Furthermore, the above mentioned parameters can be calculated reliably only from signals which need to be obtained by invasive catheters, with their associated risks and complications. Therefore, not only more robust but also less invasive means of obtaining reliable predictors of fluid responsiveness or heart-lung interaction are needed.
EIT is a non-invasive functional imaging technology that measures changes in bio-impedance at skin electrodes to reconstruct sequences of cross-sectional functional images. The methodology of EIT can be used for monitoring a patient's responsiveness to intravascular volume loading as the changes in bio-impedance are directly related to changes in stroke volumes, which result from changes in cardiac preload whereas pressure-based parameters such as PPV or SPV reflect only the results of such volume changes but not their underlying cause. However, in EIT more than 90% of the signal amplitude at the thoracic surface is due to breathing. Therefore, it becomes challenging to exploit the small ventilation-modulated variations in stroke volume, which account for no more than 1 to 2% of the total signal strength. Conventional EIT post-processing techniques are unable to analyze such low-amplitude events.
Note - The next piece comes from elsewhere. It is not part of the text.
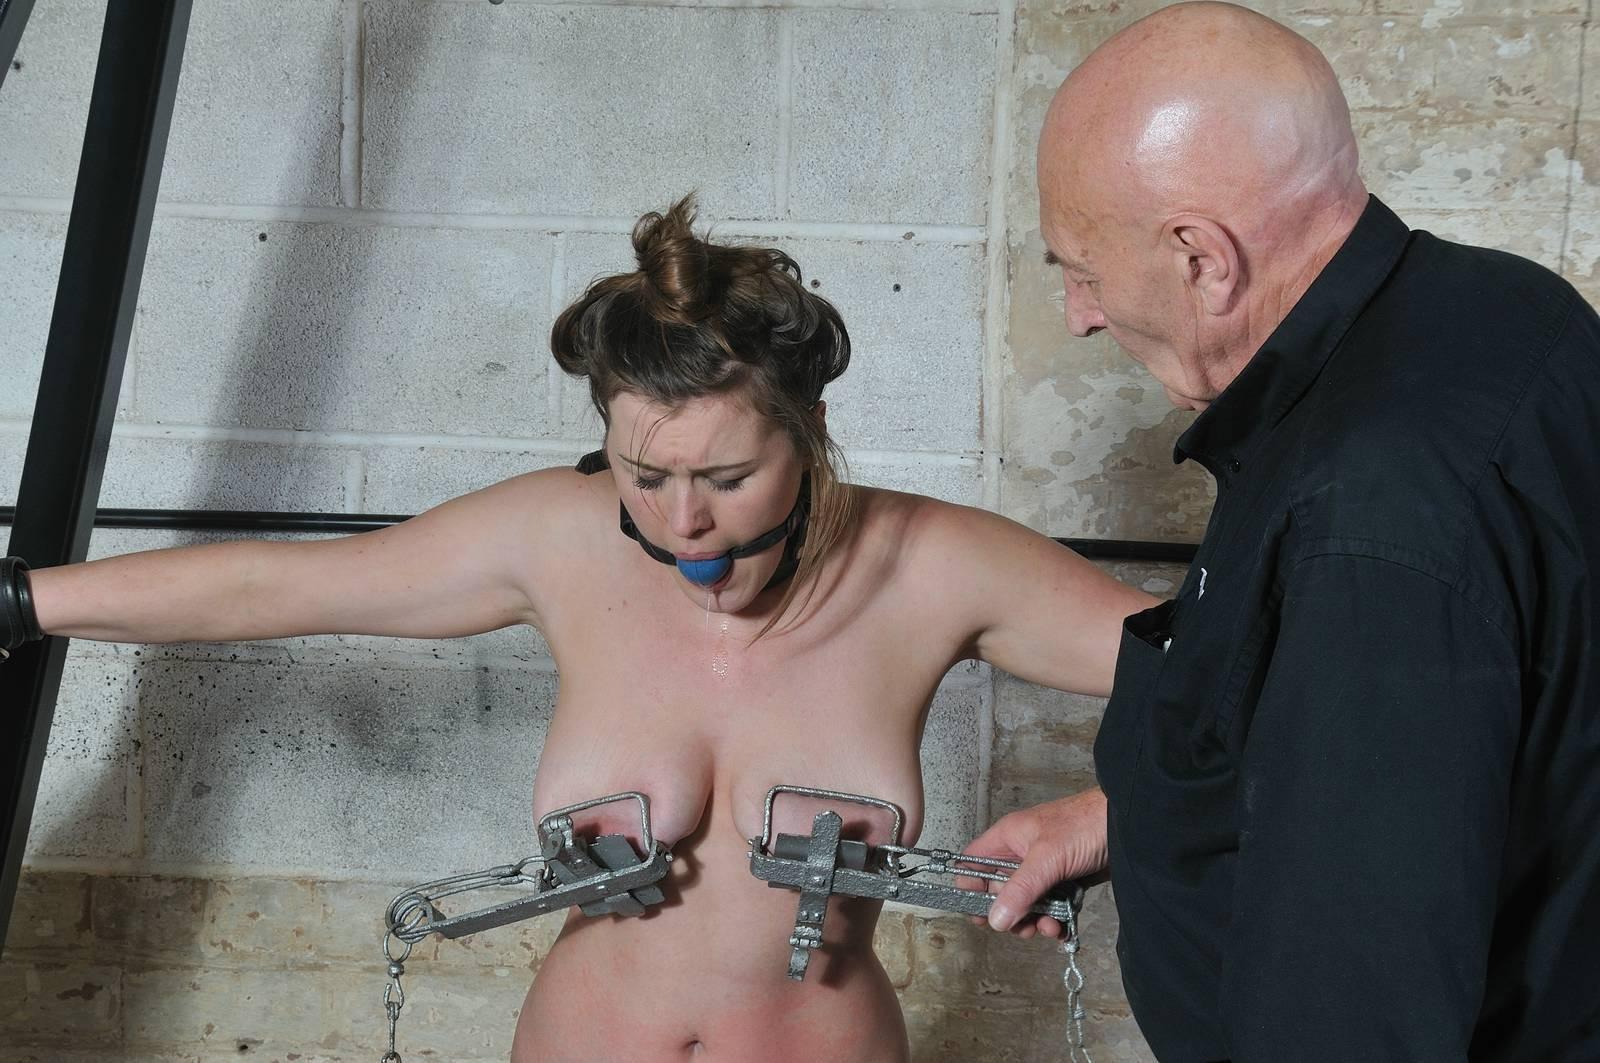 Saggy tit torture curious
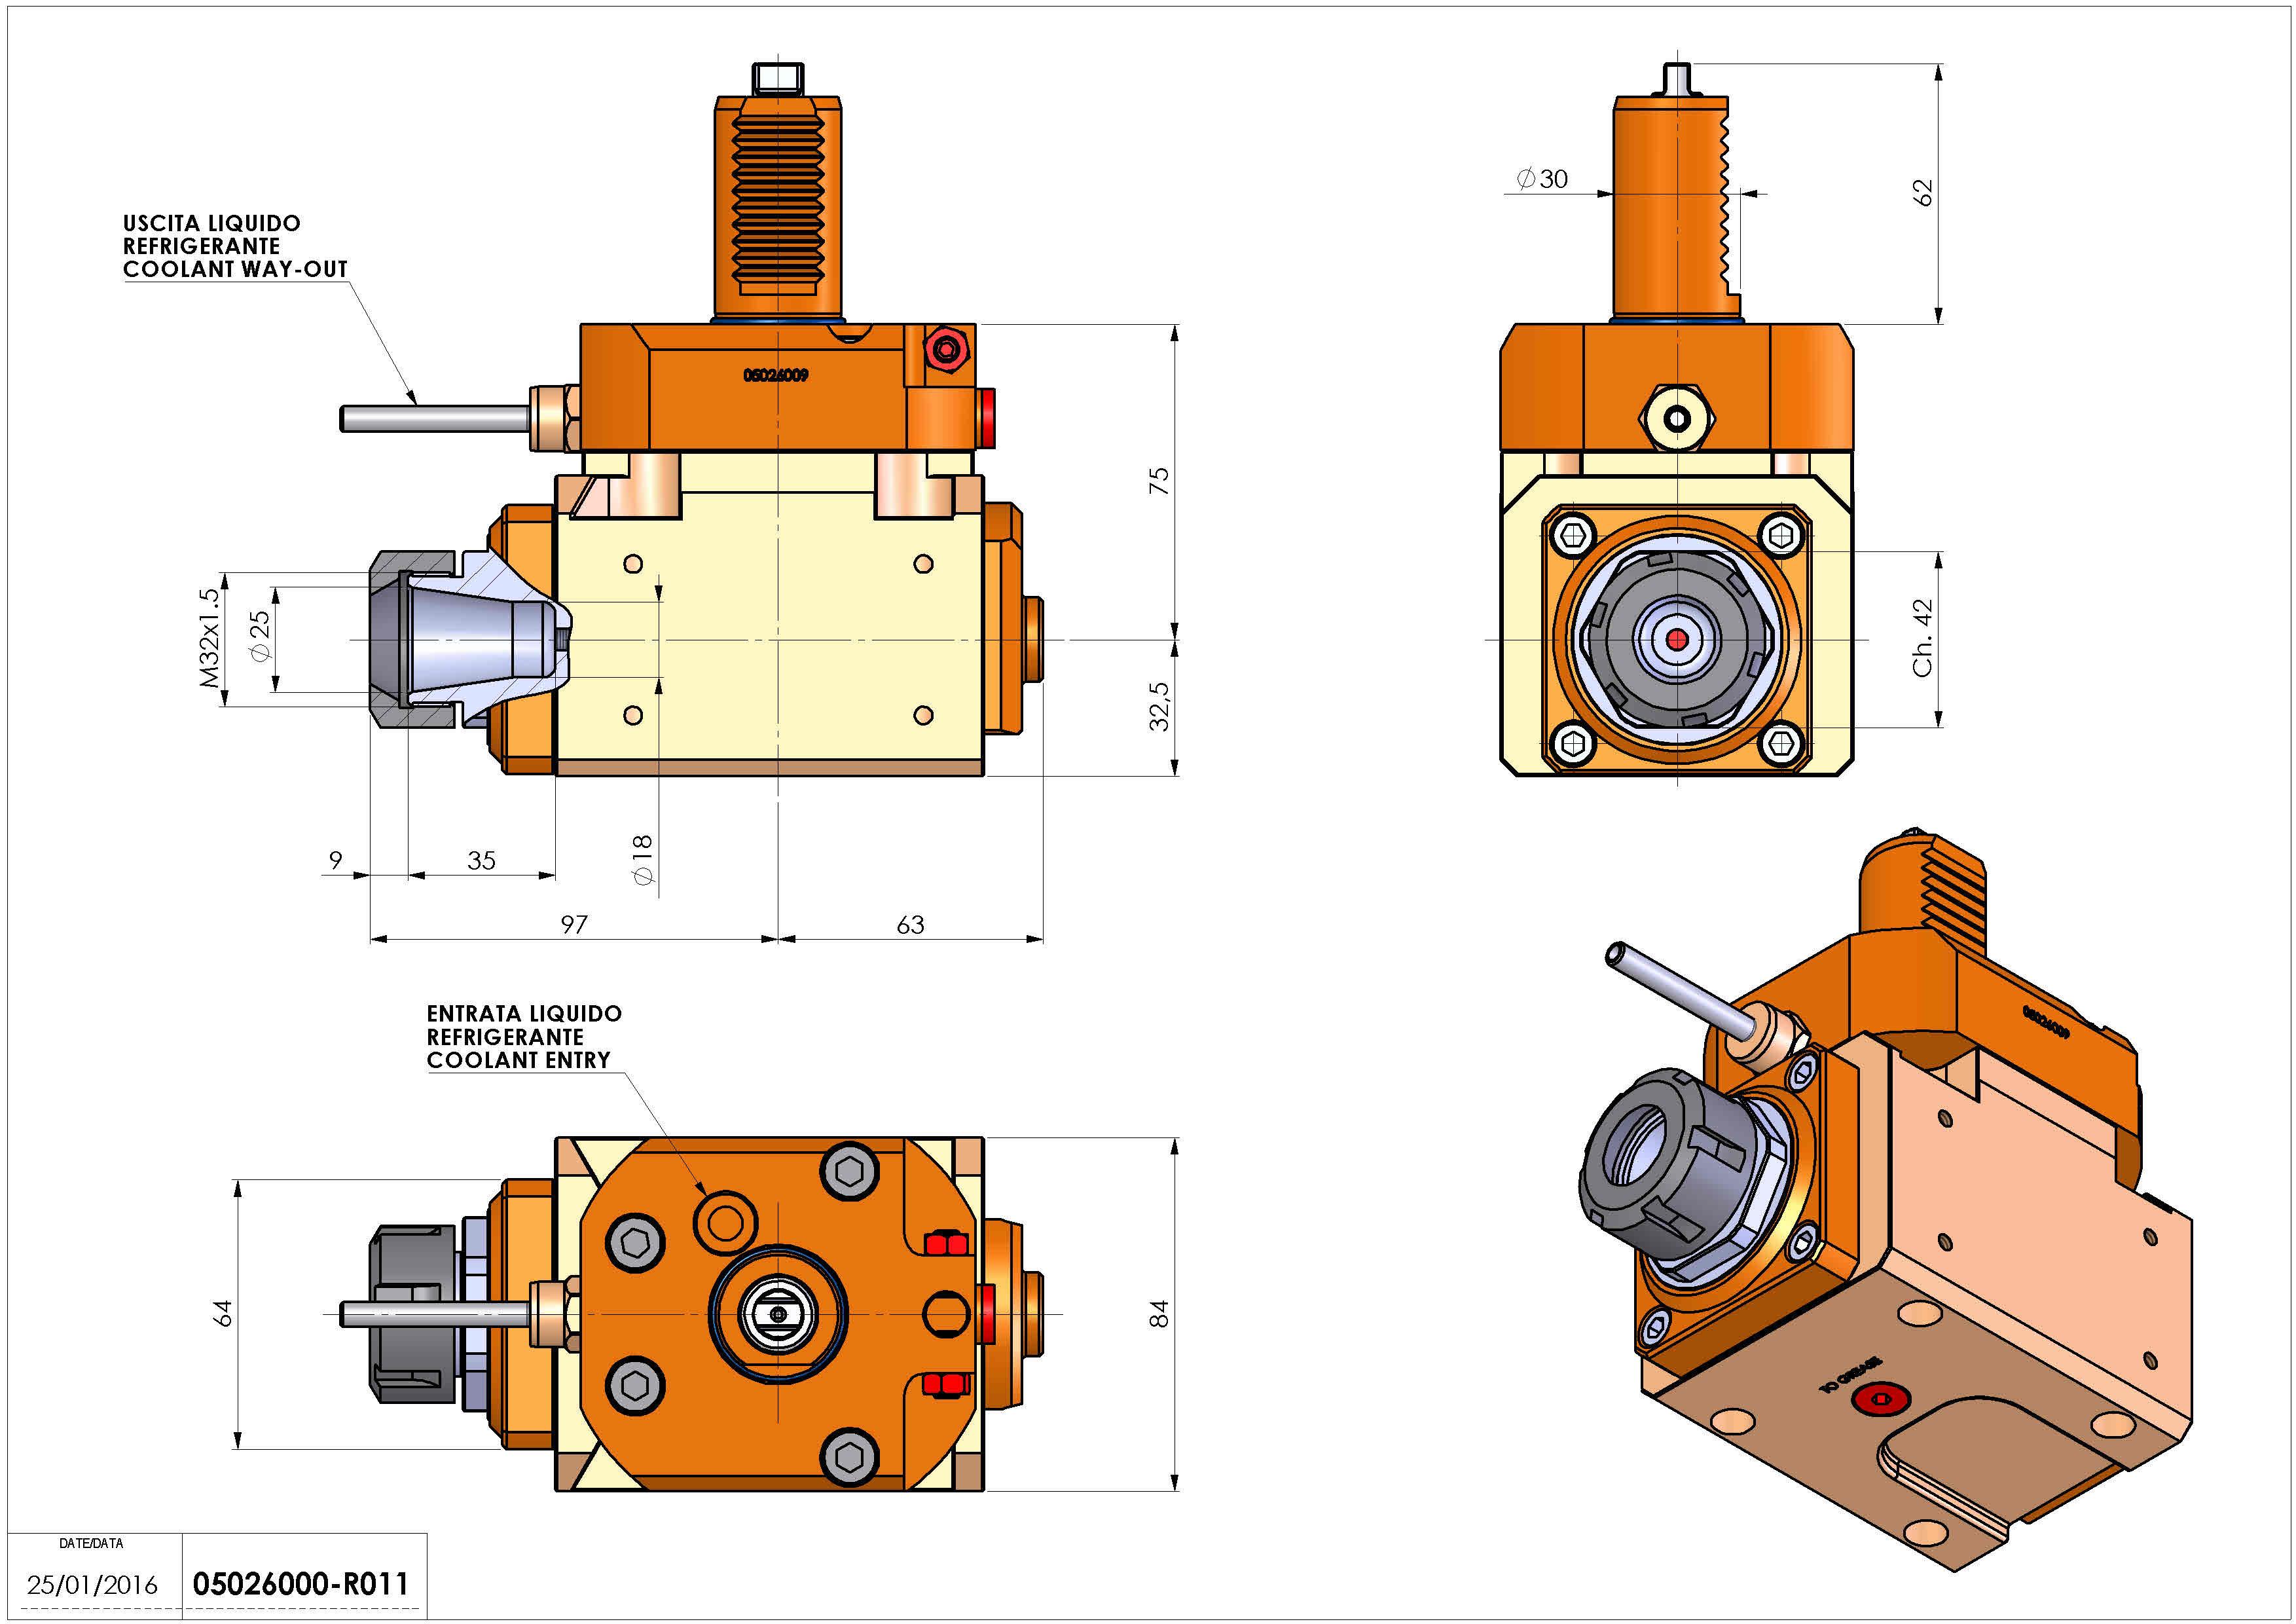 Technical image - LT-A VDI30 ER25 R 1:2 H75 TZ.

To date, assessing SVV in living beings, particularly in critically ill patients with adequate accuracy can only be achieved by obtaining blood flow or pressure signals within the most central arteries. Attempts of using signals from less invasive peripheral arteries, or even from noninvasive pulse oximetry showed promising results under stable hemodynamic conditions, but unfortunately failed during cardiovascular instability. The reasons are obvious: whenever the hemodynamic status becomes unstable, the vascular tone of peripheral arteries is adapted either as a result of endogenous counter-regulation or of treatment by vasoactive medication. Additionally, reduced peripheral perfusion, as in shock further reduces signal quality, thereby limiting even more the usefulness of the less invasive approaches currently en vogue.
It is an aim of the present invention to obviate, or mitigate, at least some of the above-mentioned disadvantages.